● **Exercise directions**: Restate the listing below word for word. No picture belongs in the result.

● **Raw data**:

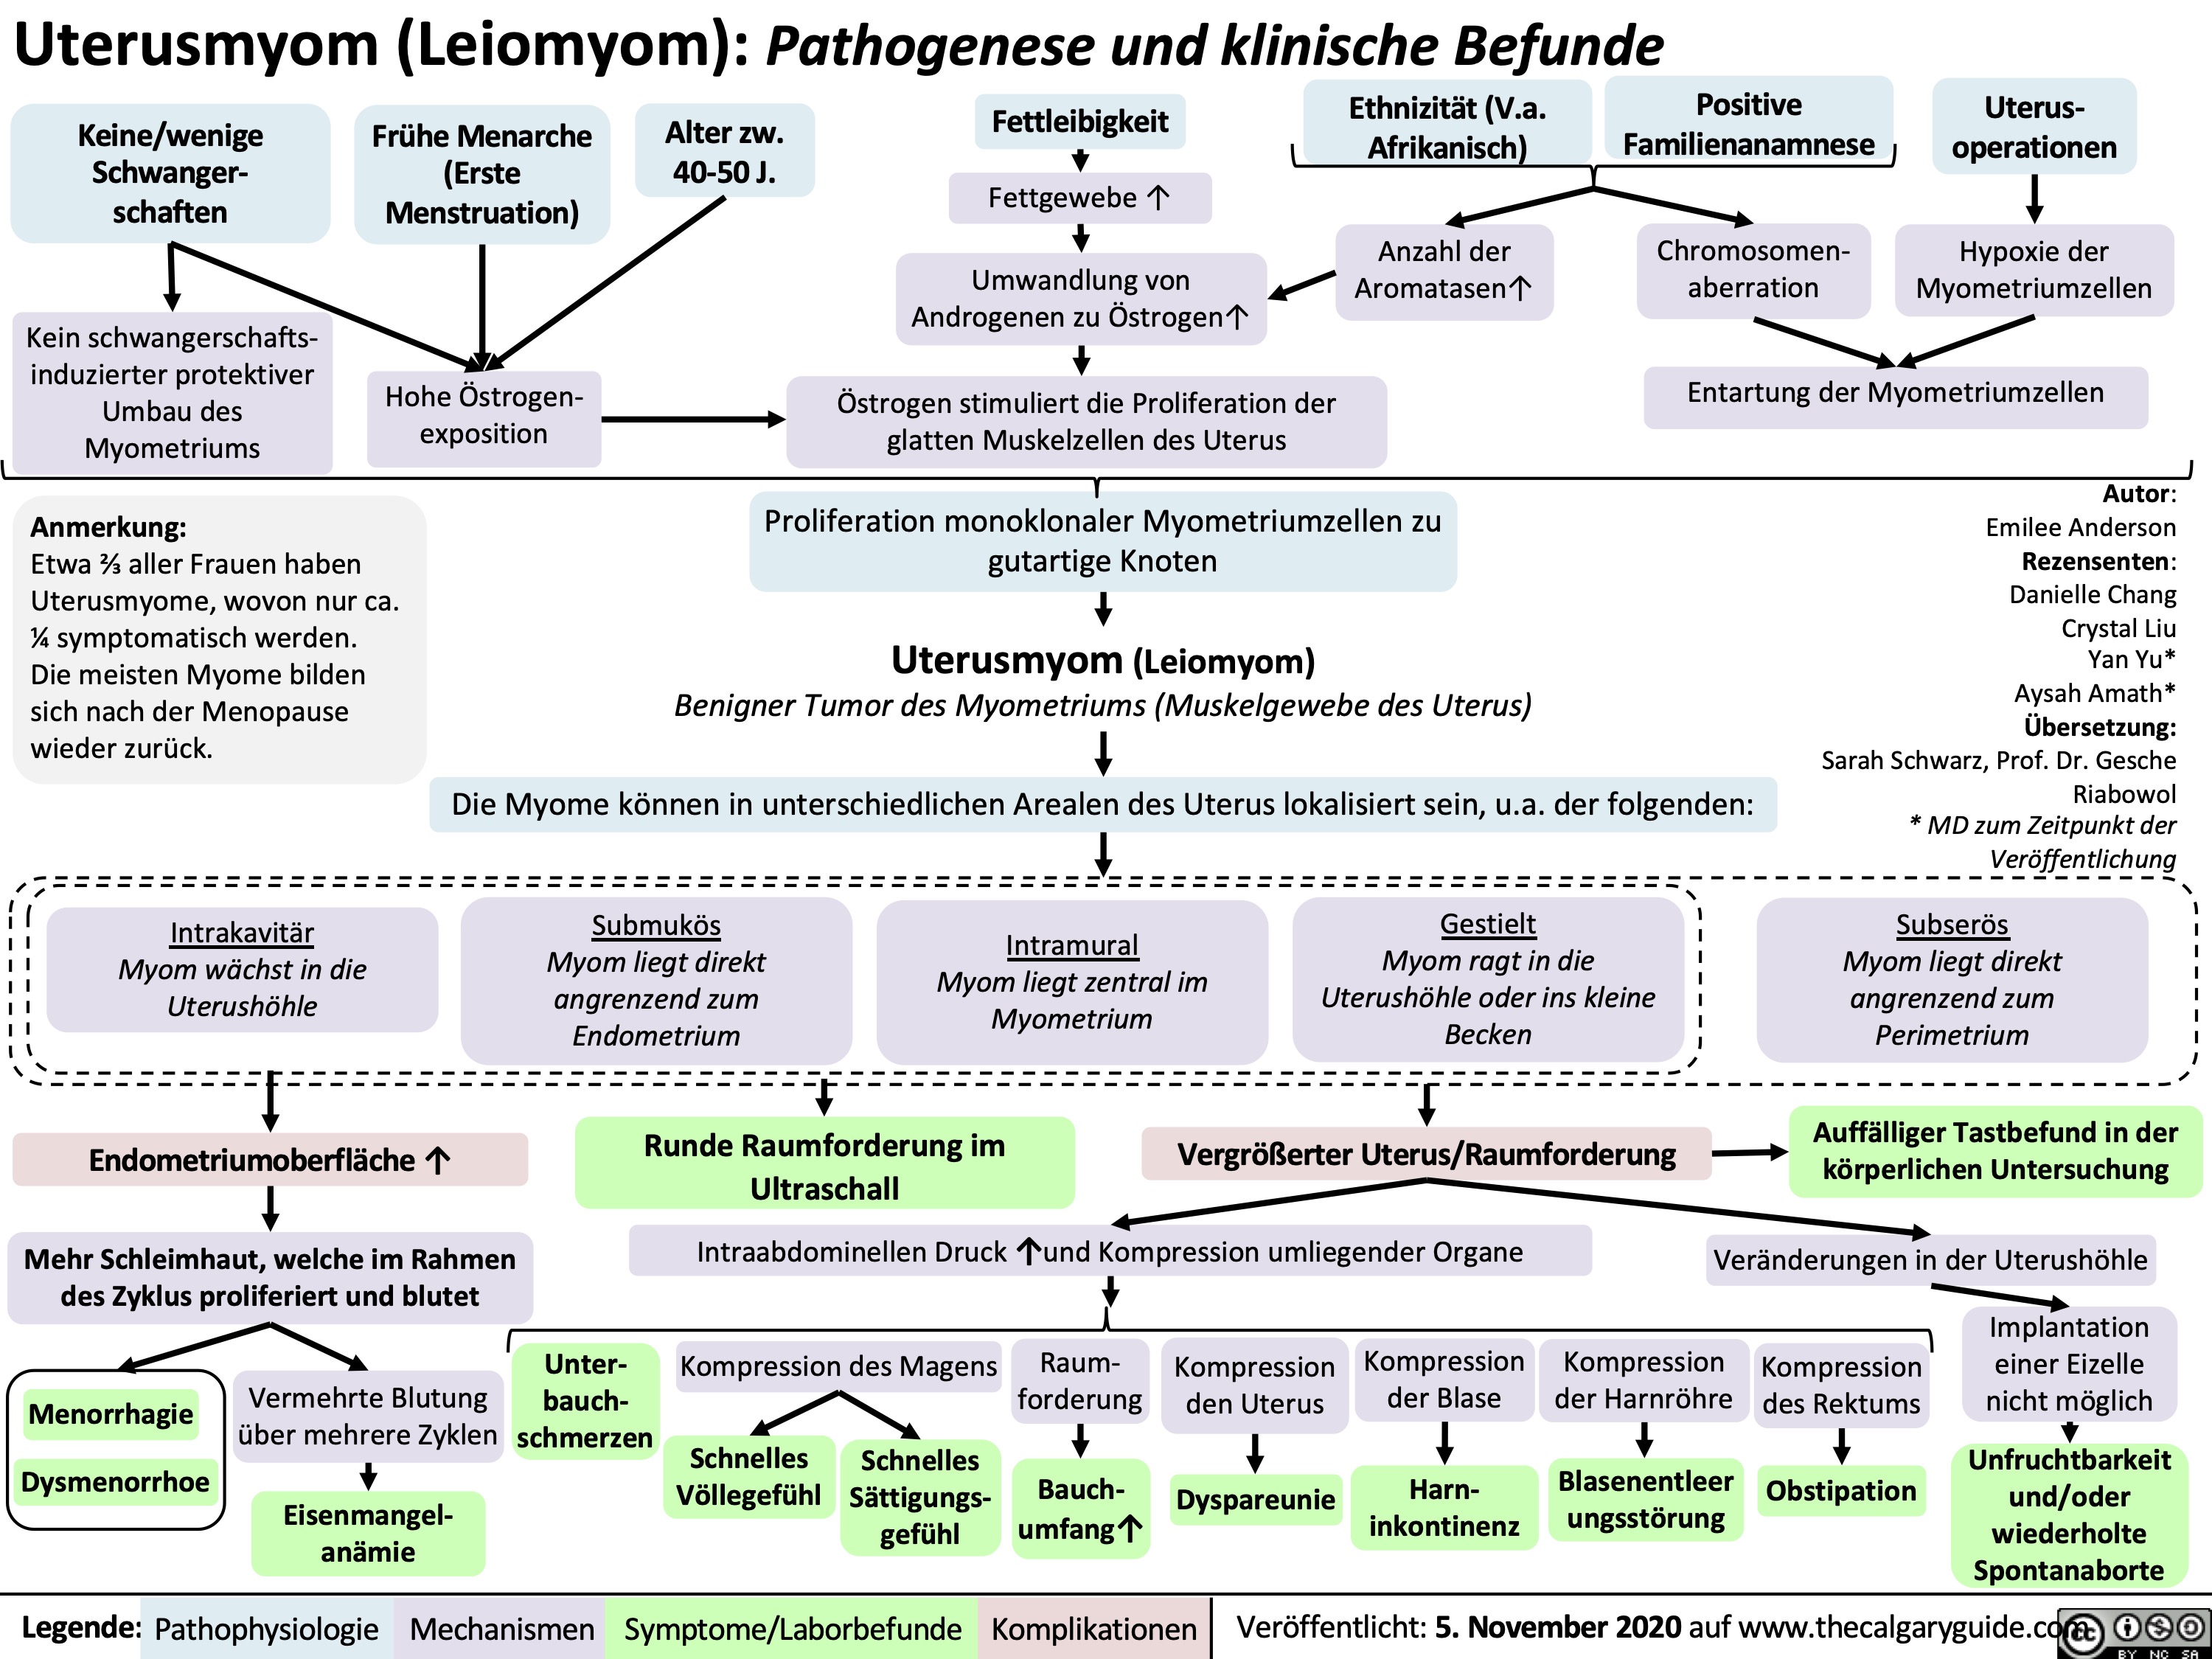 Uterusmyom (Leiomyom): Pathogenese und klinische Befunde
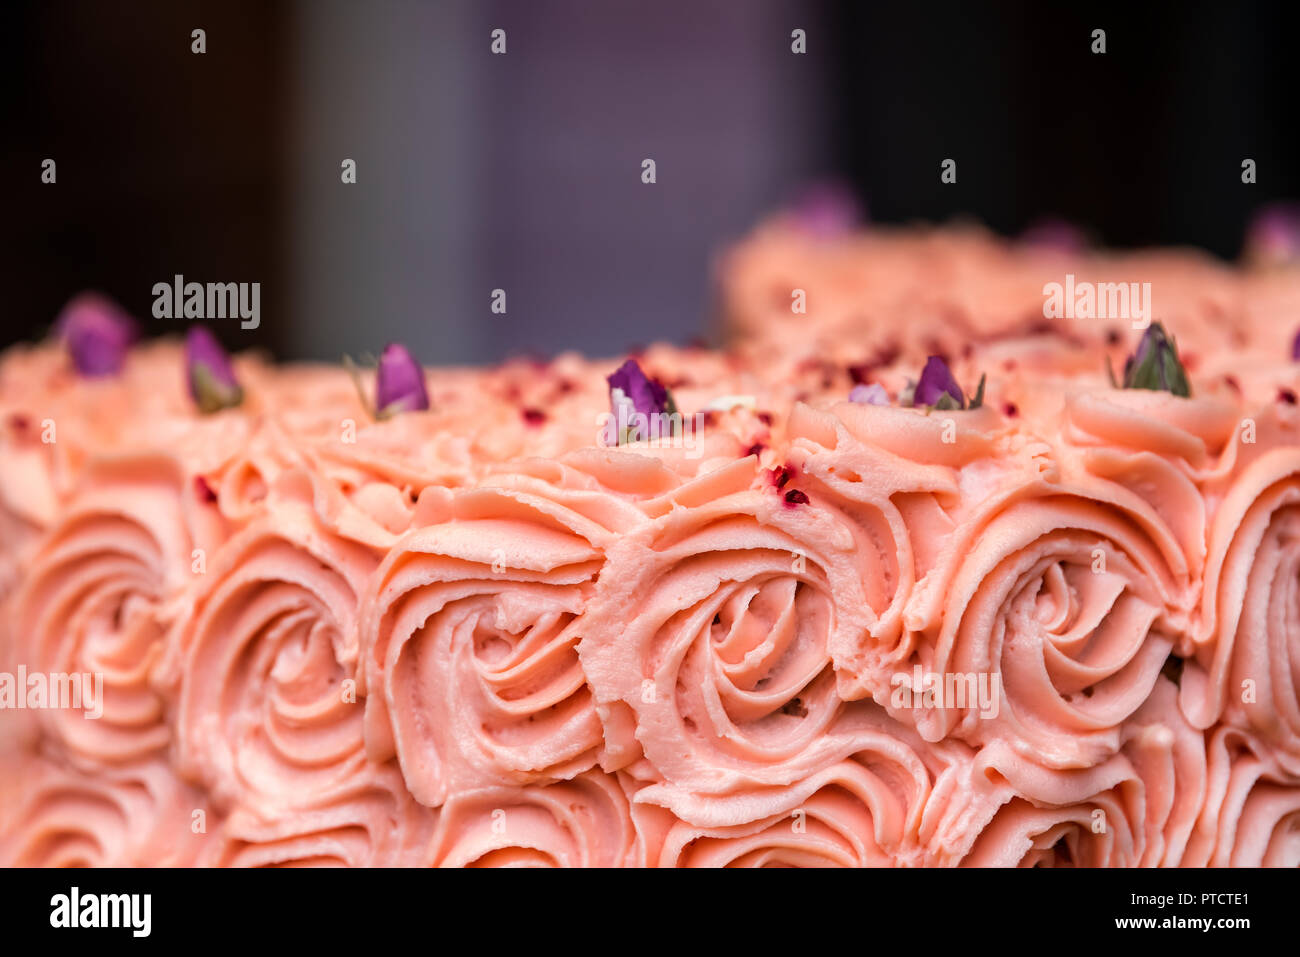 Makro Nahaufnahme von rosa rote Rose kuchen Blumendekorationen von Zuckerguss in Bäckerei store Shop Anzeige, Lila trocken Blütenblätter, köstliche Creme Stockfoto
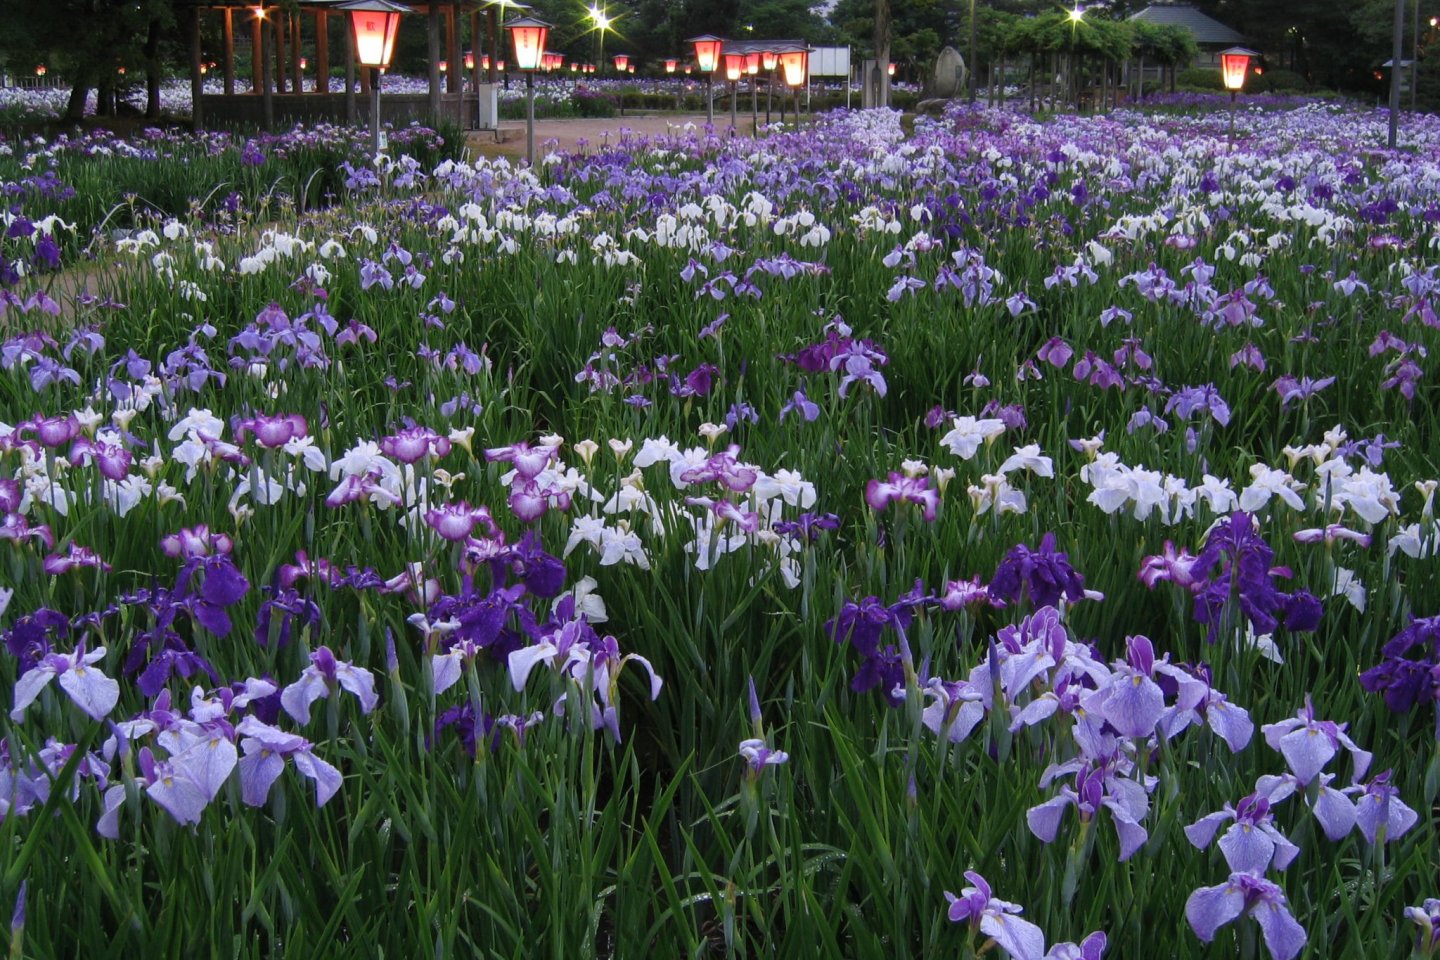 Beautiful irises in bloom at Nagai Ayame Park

● **Solution**:
 Uterusmyom (Leiomyom): Pathogenese und klinische Befunde
 Makro Nahaufnahme von rosa rote Rose kuchen Blumendekorationen von Zuckerguss in Bäckerei store Shop Anzeige, Lila trocken Blütenblätter, köstliche Creme Stockfoto
 Beautiful irises in bloom at Nagai Ayame Park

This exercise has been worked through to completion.